Research

Interests

  • Statistical inference for networks: latent space models, community detection, spectral graph inference.
  • High-dimensional data analysis: variable selection, dimensionality reduction, covariance estimation, convex optimization.
  • Statistical machine learning and pattern recognition: classification, regression, clustering, graph matching.
  • Applications to neuroimaging: statistical connectomics.
Overview (click to expand)

I am interested in the statistical, mathematical and computational aspects of methodologies for problems that arise in data science, especially for large and complex data.
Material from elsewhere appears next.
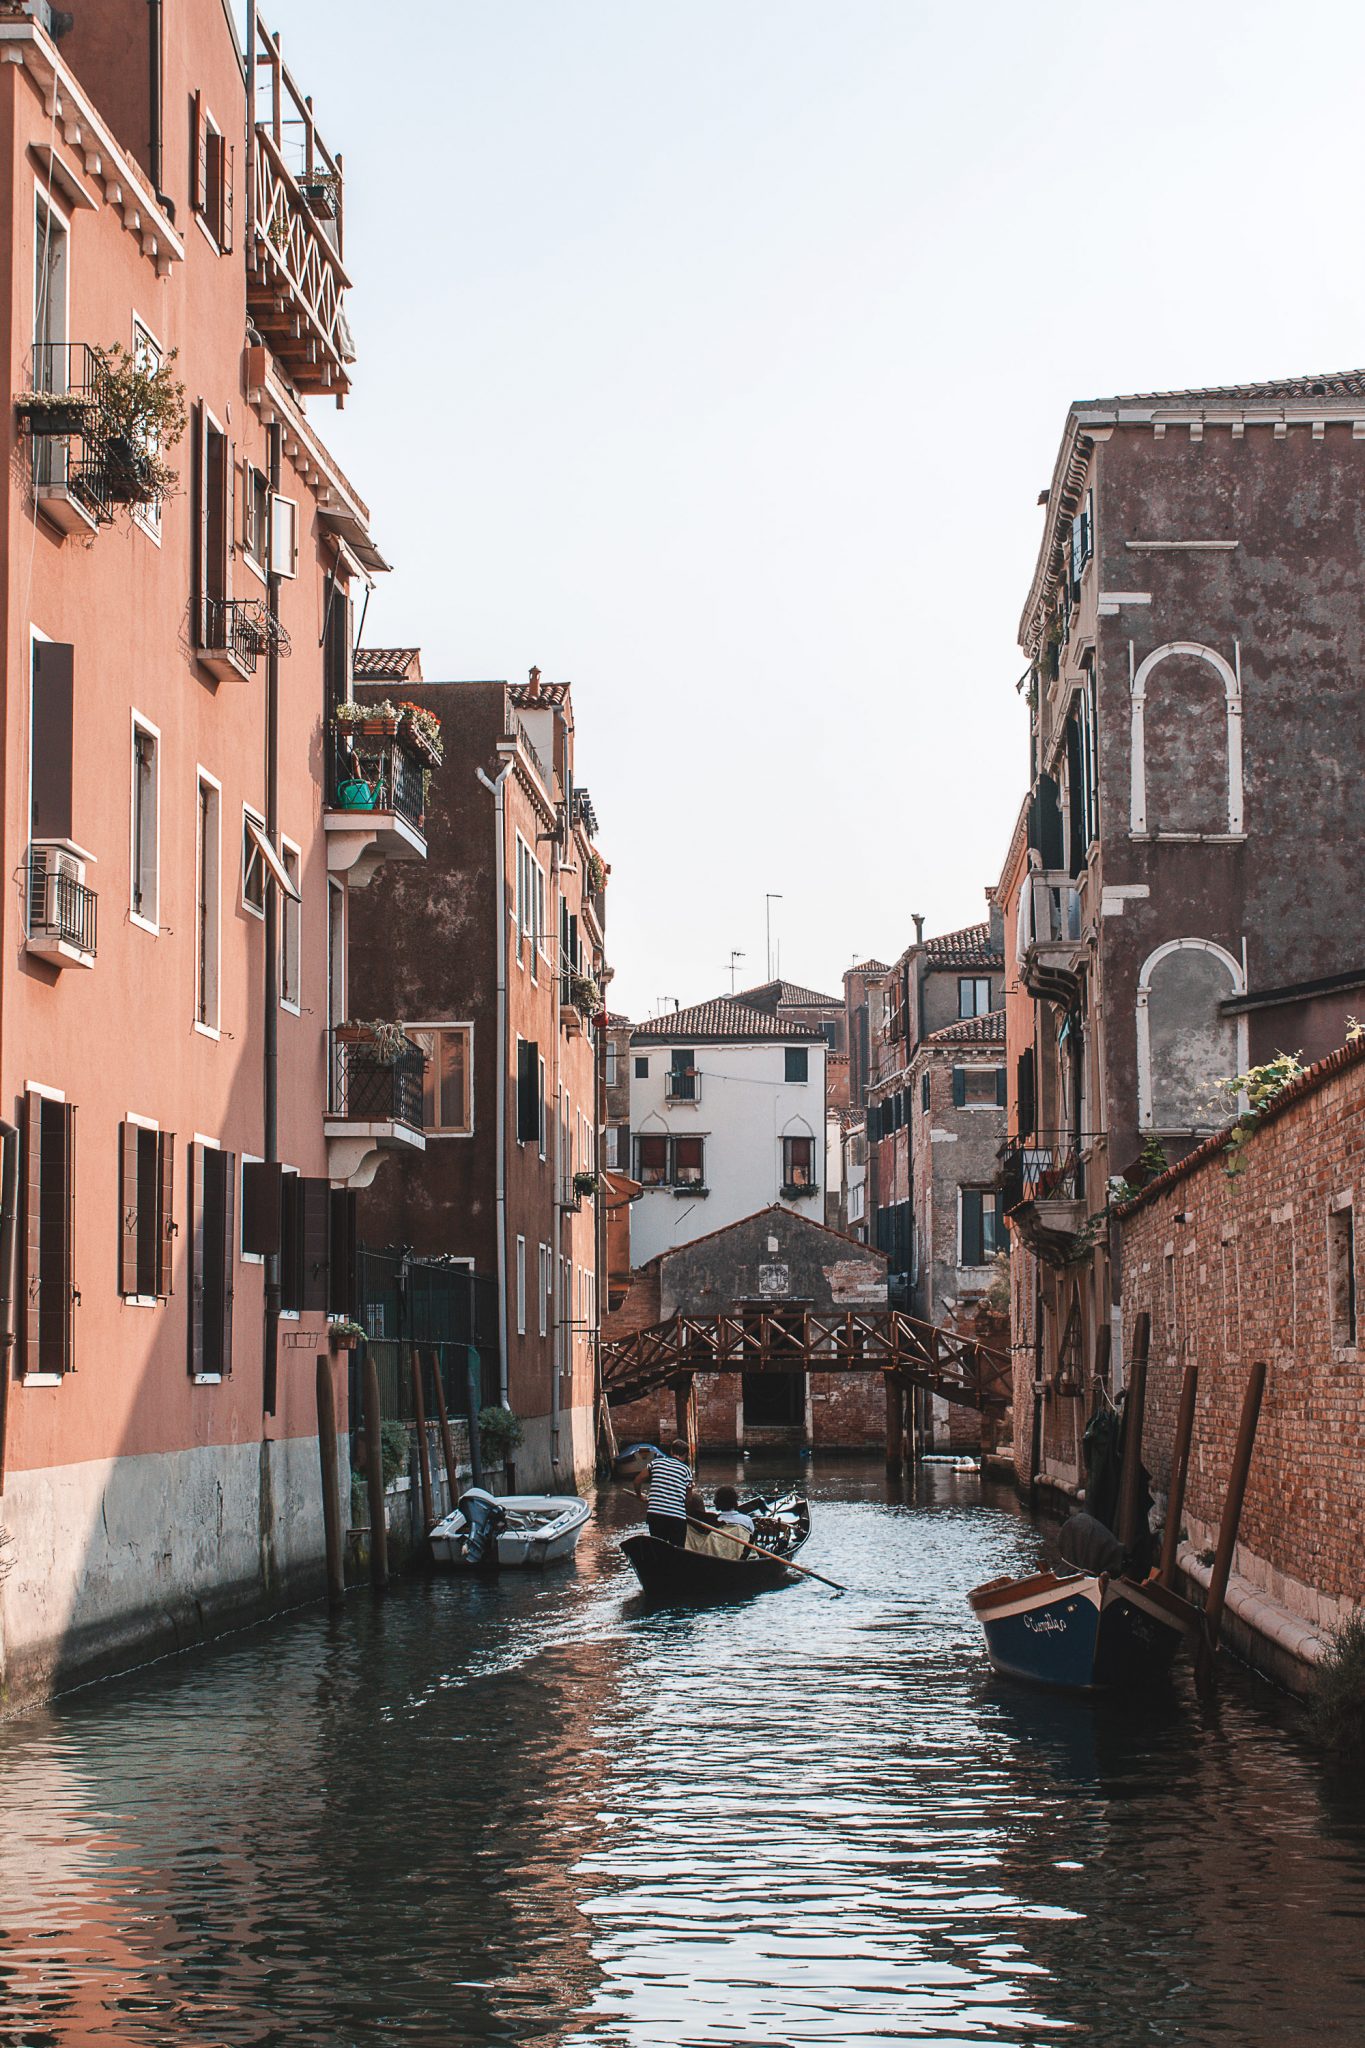 Dicas de hotéis baratos em Veneza

My research combines the following themes.

  • Developing statistical methodologies for complex and high-dimensional data to make interpretable and efficient inferences by exploiting low-dimensional structures in the data.

  • Constructing computationally efficient and robust algorithms for large-scale data analysis, in particular through spectral methods and convex optimization.

  • Studying the theoretical aspects of the above problems within a formal statistical framework to quantify uncertainty and to better understand their non-asymptotic performance and limitations.

  • Applying these methodologies to relevant scientific problems, with a special focus on neuroscience applications to understand the connectivity of the brain.

Broadly speaking, my work can be classified into three areas: statistical modeling, estimation and inference for network analysis, supervised and unsupervised machine learning methods for complex data types, and methodology and theory for pattern recognition in graphs.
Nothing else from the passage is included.